■ EXERCISE DATA:
--- --- ---
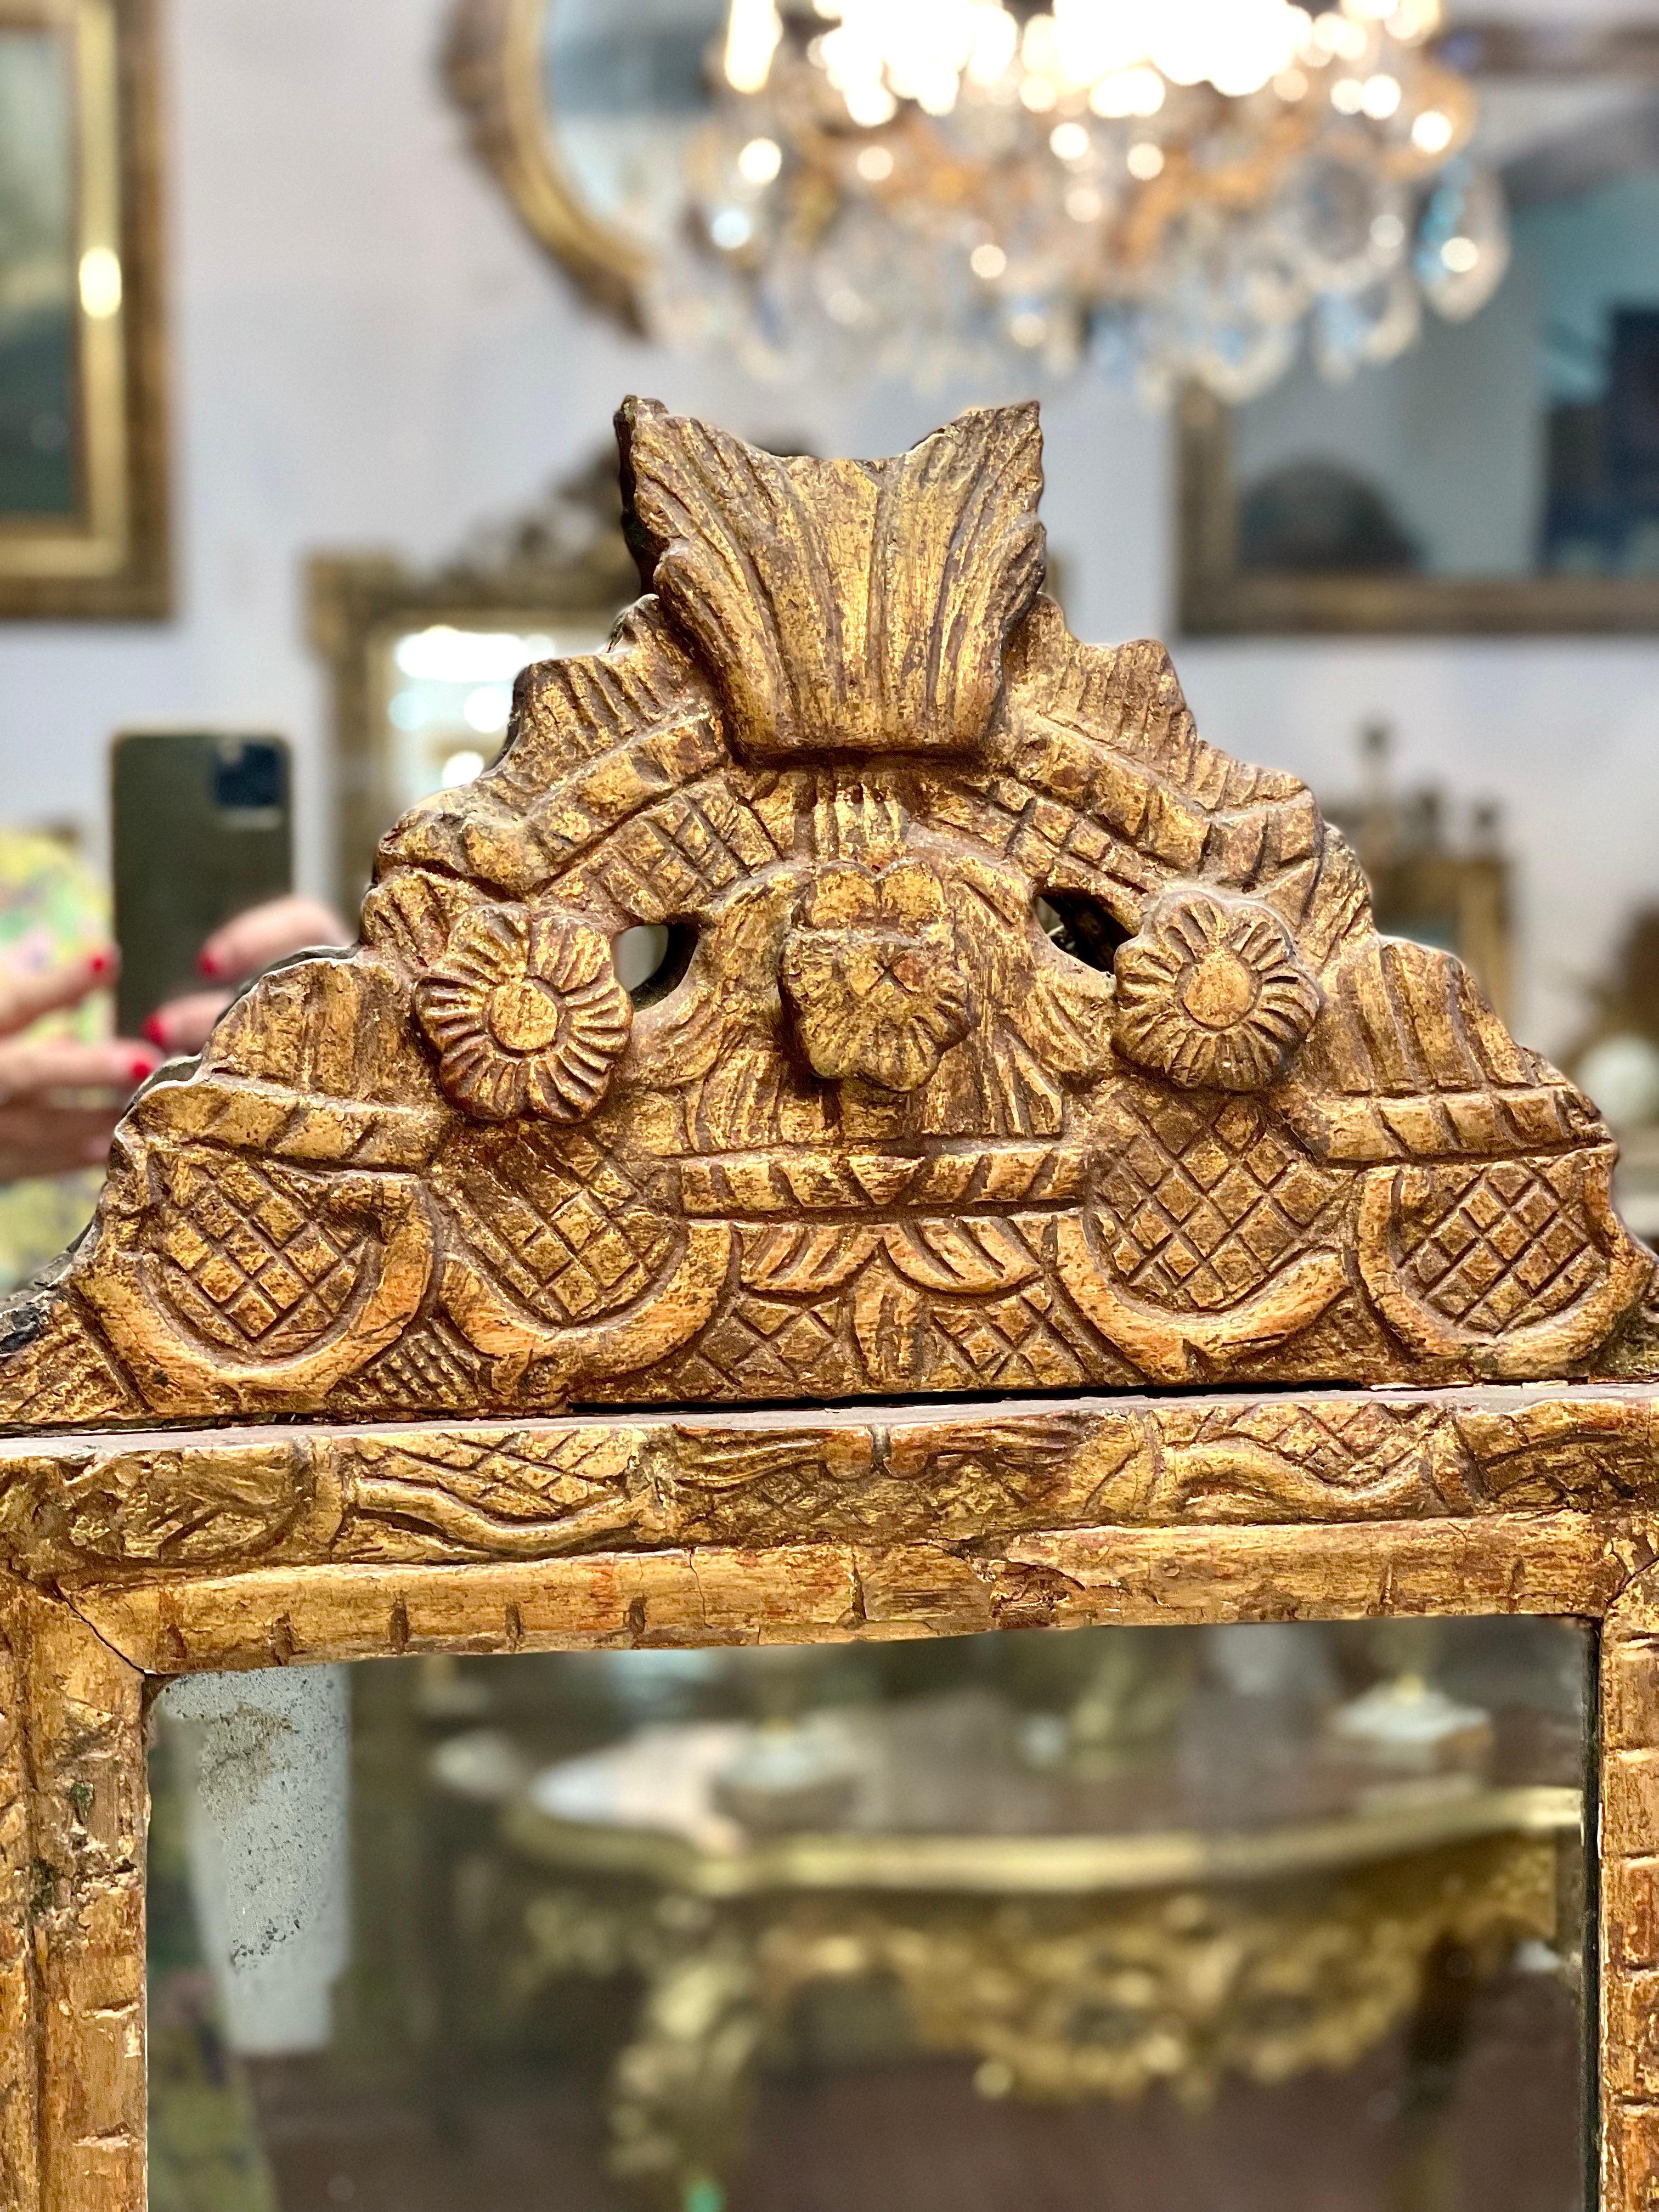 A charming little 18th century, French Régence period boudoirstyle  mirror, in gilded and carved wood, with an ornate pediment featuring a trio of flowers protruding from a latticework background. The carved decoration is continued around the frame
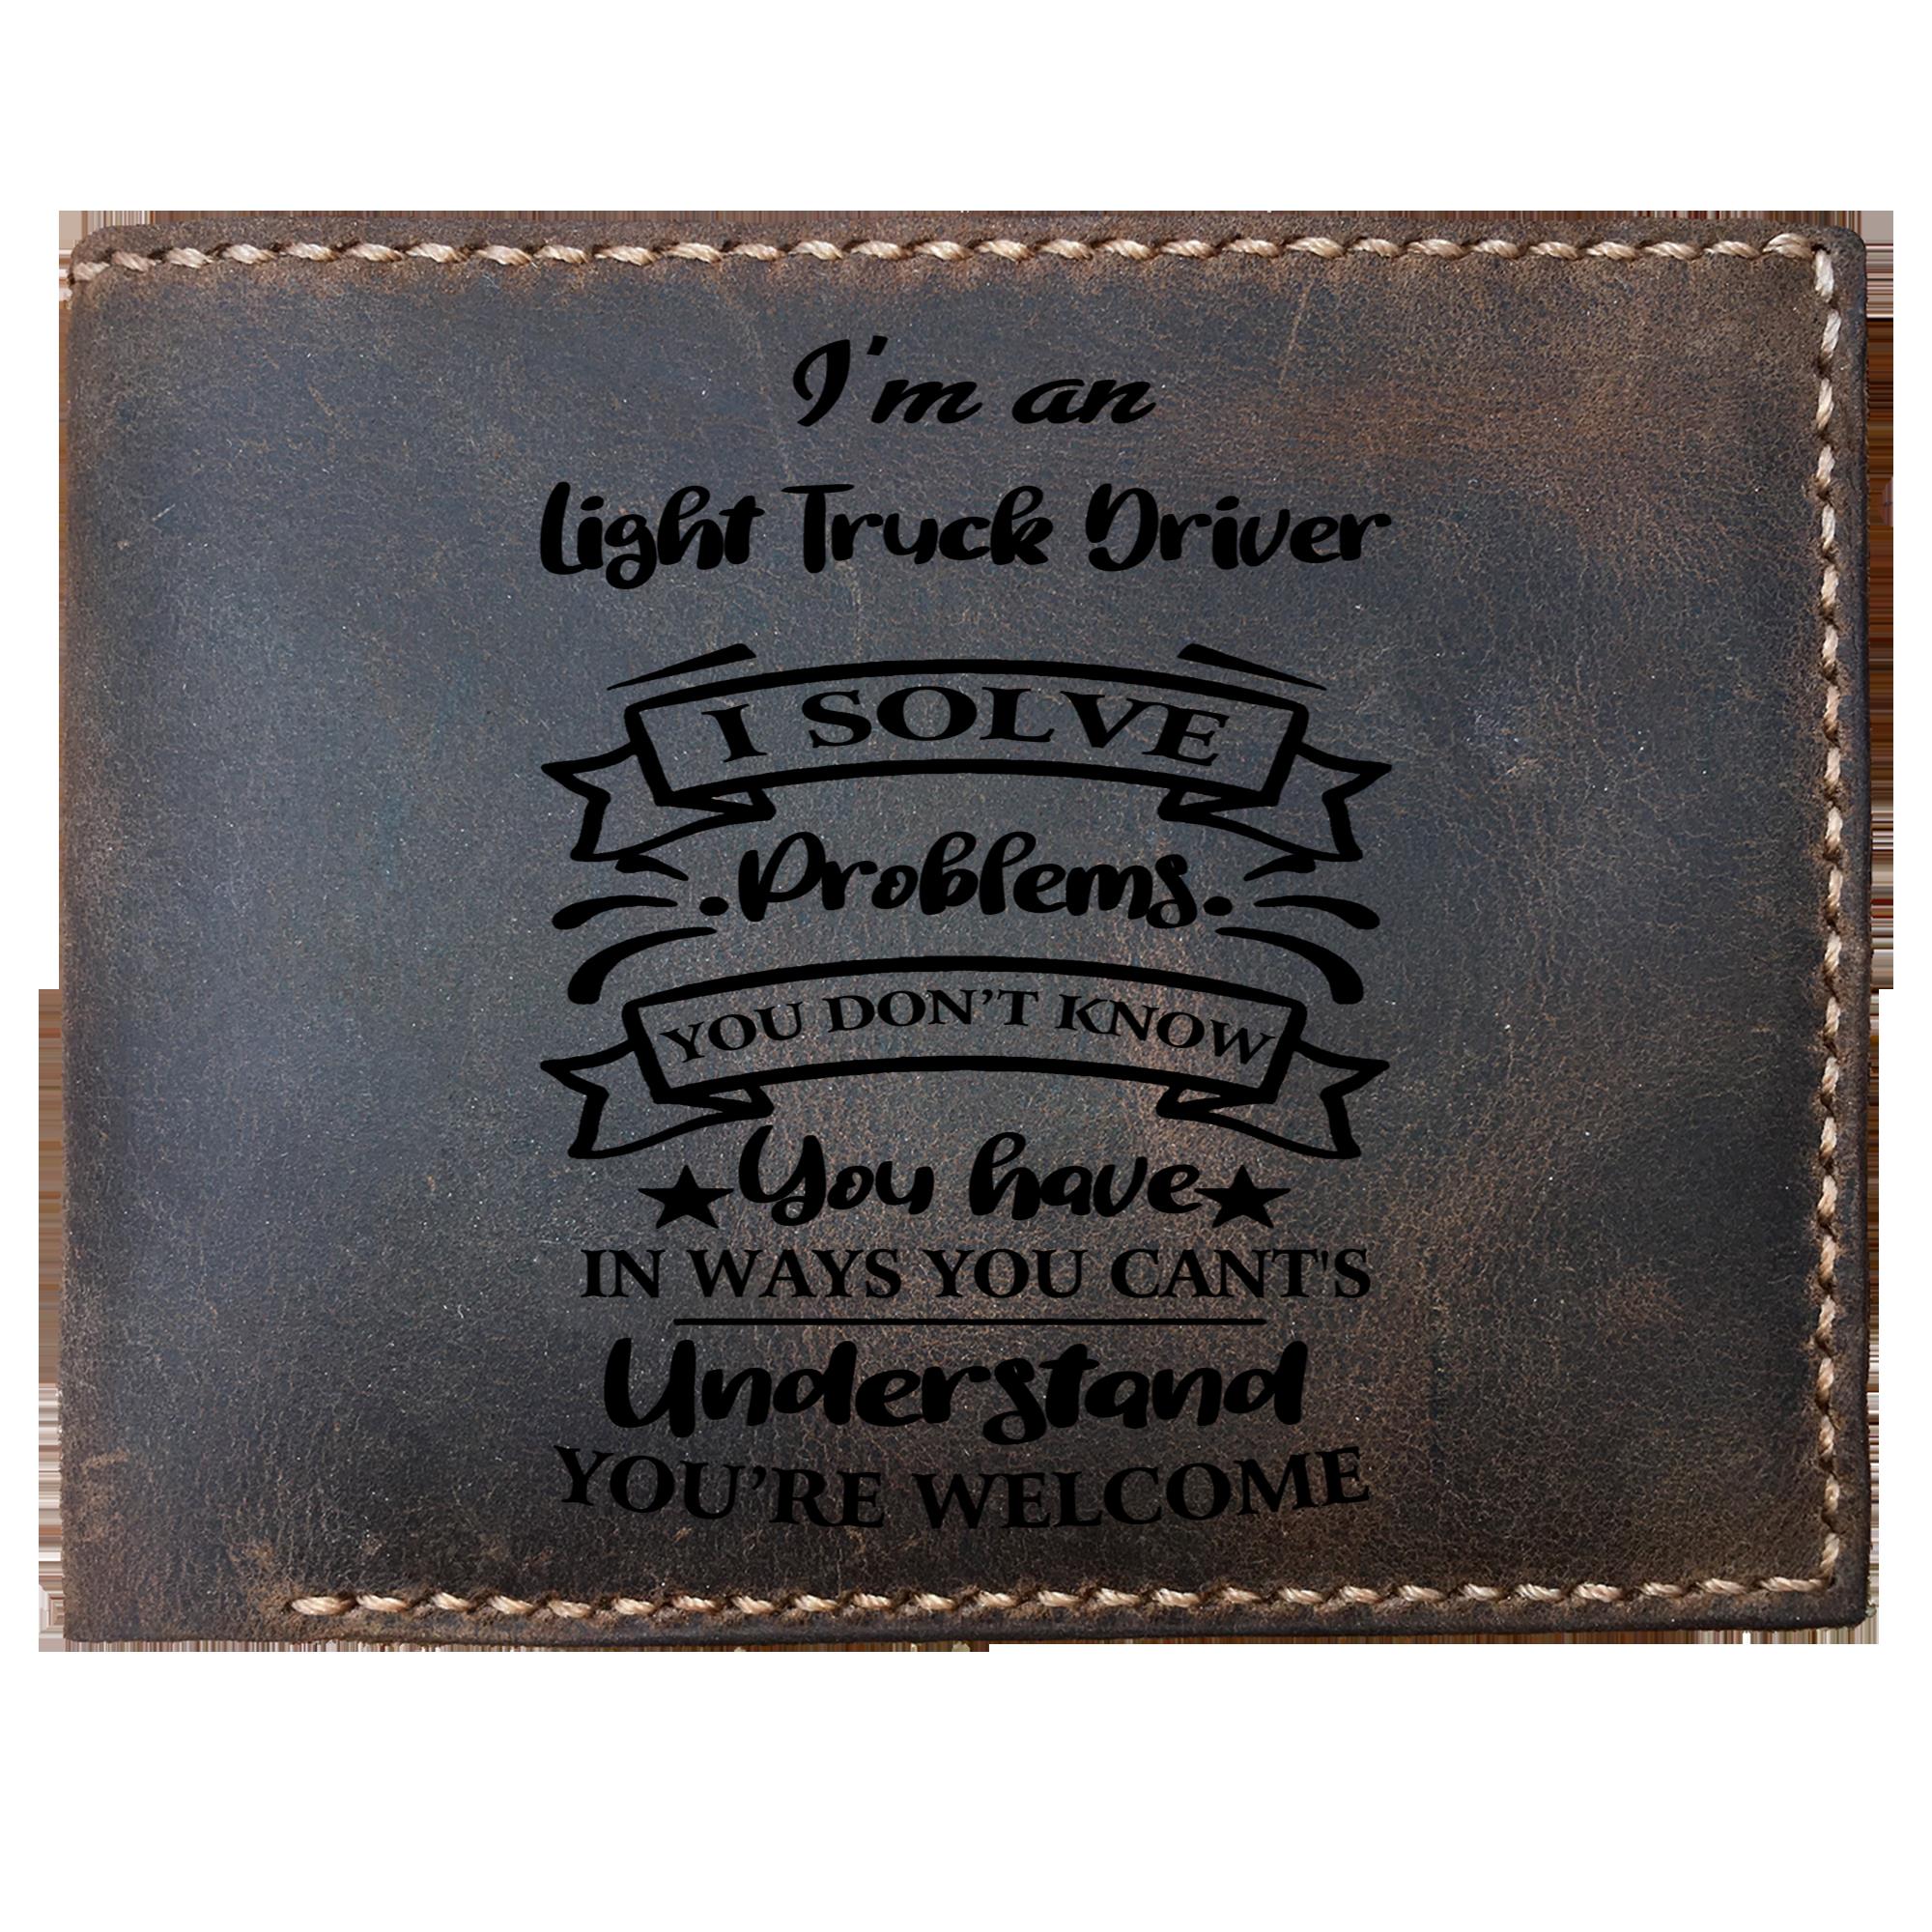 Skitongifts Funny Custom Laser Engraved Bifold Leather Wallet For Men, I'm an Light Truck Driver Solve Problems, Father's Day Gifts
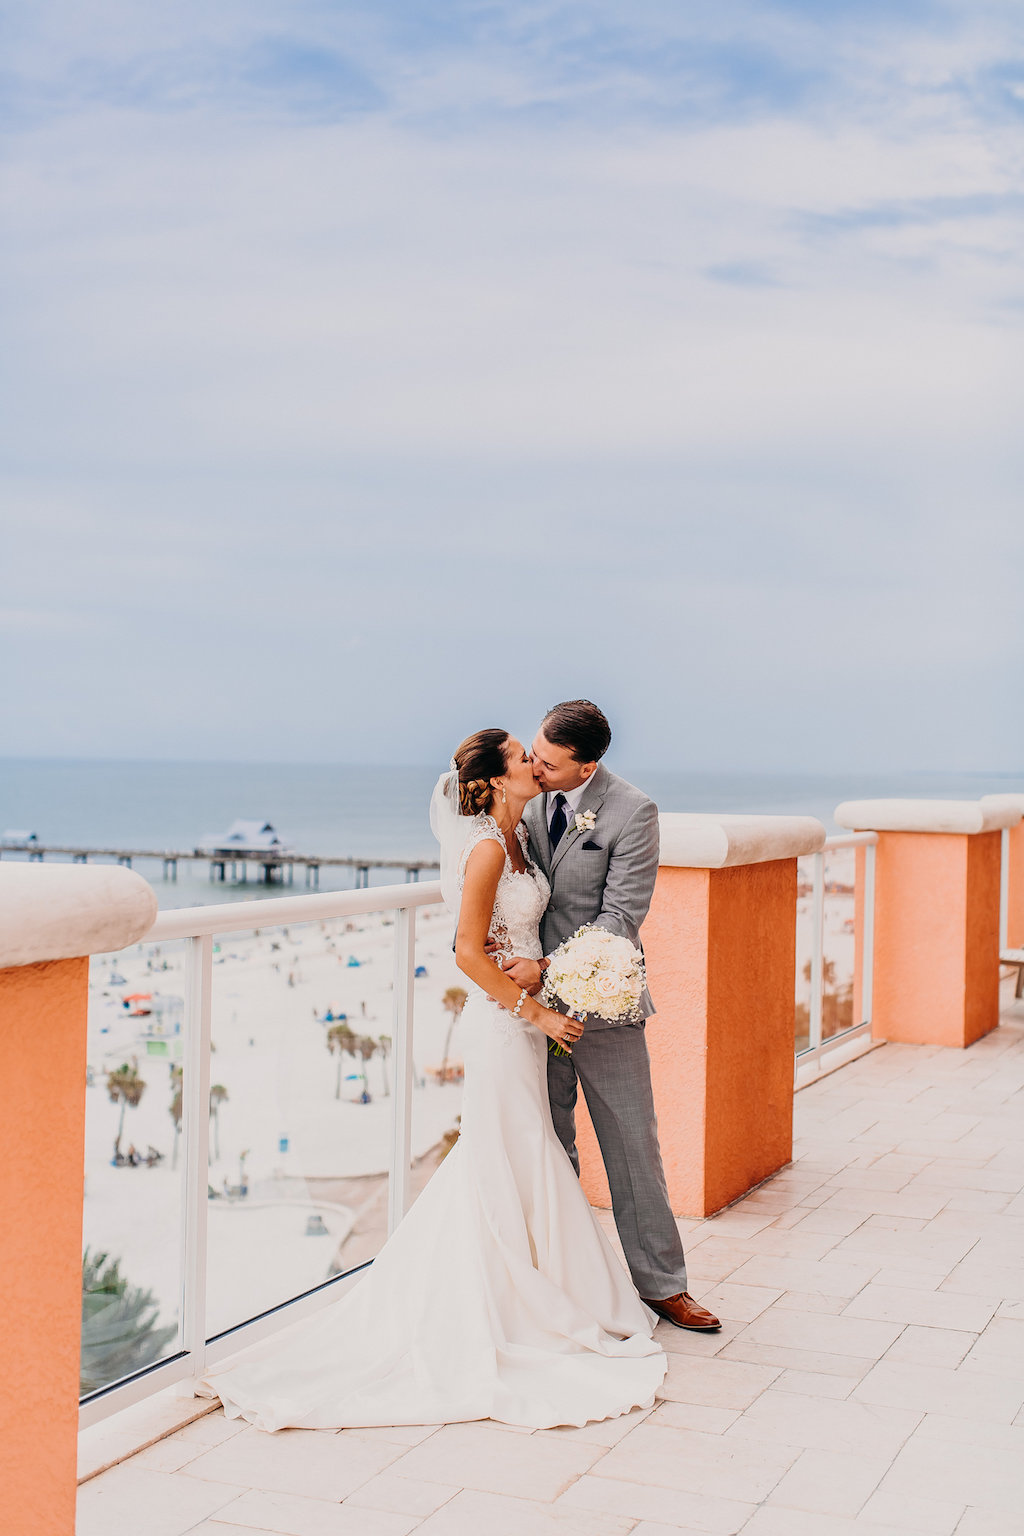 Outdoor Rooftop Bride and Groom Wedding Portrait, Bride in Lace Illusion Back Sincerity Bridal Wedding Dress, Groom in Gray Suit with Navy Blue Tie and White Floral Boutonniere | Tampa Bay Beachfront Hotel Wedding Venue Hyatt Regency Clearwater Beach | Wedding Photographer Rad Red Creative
--- --- ---
■ DIRECTIONS FOR THIS TASK:
Any picture found in the data is to be skipped while the rest is copied exactly.

■ TASK ANSWER:
 A charming little 18th century, French Régence period boudoirstyle  mirror, in gilded and carved wood, with an ornate pediment featuring a trio of flowers protruding from a latticework background. The carved decoration is continued around the frame
 Skitongifts Funny Custom Laser Engraved Bifold Leather Wallet For Men, I'm an Light Truck Driver Solve Problems, Father's Day Gifts
 Outdoor Rooftop Bride and Groom Wedding Portrait, Bride in Lace Illusion Back Sincerity Bridal Wedding Dress, Groom in Gray Suit with Navy Blue Tie and White Floral Boutonniere | Tampa Bay Beachfront Hotel Wedding Venue Hyatt Regency Clearwater Beach | Wedding Photographer Rad Red Creative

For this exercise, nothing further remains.